Sunday, April 18, 2010

Disaster, Anyone?



When the Soviet Union fell, there were many suspense and thriller writers who were crestfallen because they believed they would have nothing to write about. The Soviets were the perfect villains for the writers of fiction. They were powerful and seemed recklessly determined to dominate the world. The way their government officials dressed, and their military uniforms, had the visual effects needed to set the stage for almost anything. The aura of mystery that we called the Iron Curtain helped tremendously. While the Soviet Union might be on the garbage heap of history, the political entities that evolved have a greater potential for the imaginative writer.

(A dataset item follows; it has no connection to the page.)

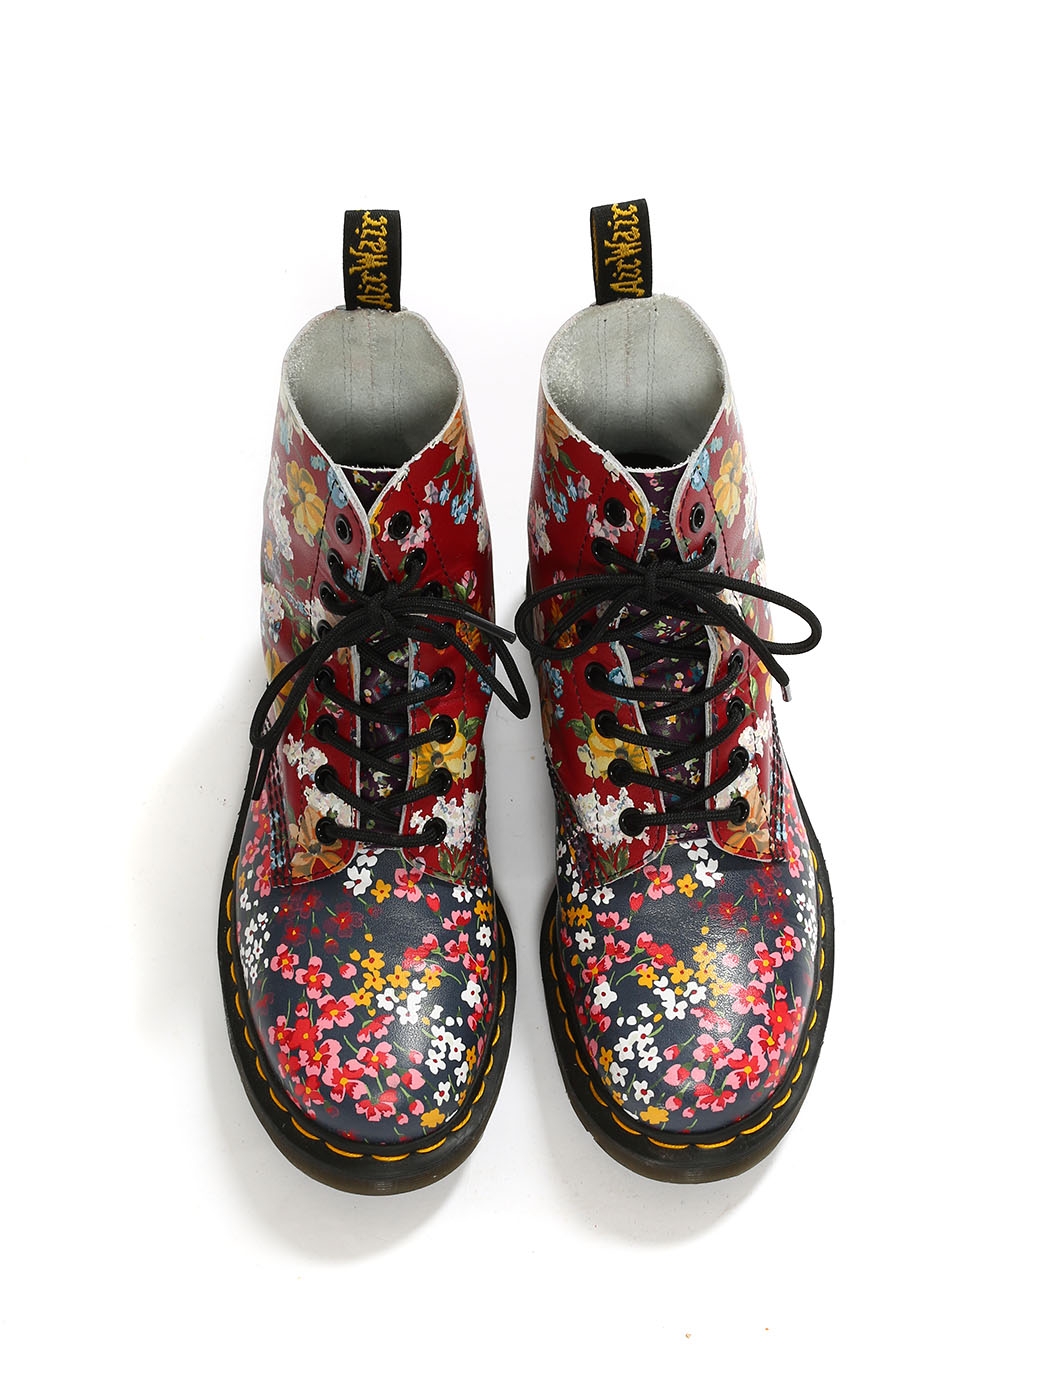 Boutique DR MARTENS Floral Pascal floral laced up boots Retail price €180 Size 39

Need another type of danger or disaster? What about the oil crisis. The possibility of energy shortages and the catastrophes they are sure to bring about, are almost too frightening to contemplate. What about medical or industrial accidents? What about the clever terrorist who gains control of the Internet and is able to penetrate the safeguards that protect the military, nuclear power facilities and our infrastructure? All we have to do is pick our disaster and scoot our chair up closer to the keyboard. The Internet has all of the technical details needed to flesh out the type of stories you have been itching to write. You don’t have to be Ian Fleming, Tom Clancy or Dan Brown in order to write them. As one small boy said in one of my horror stories, “The goblins are out there, Frankie. I think I hear them at the door.”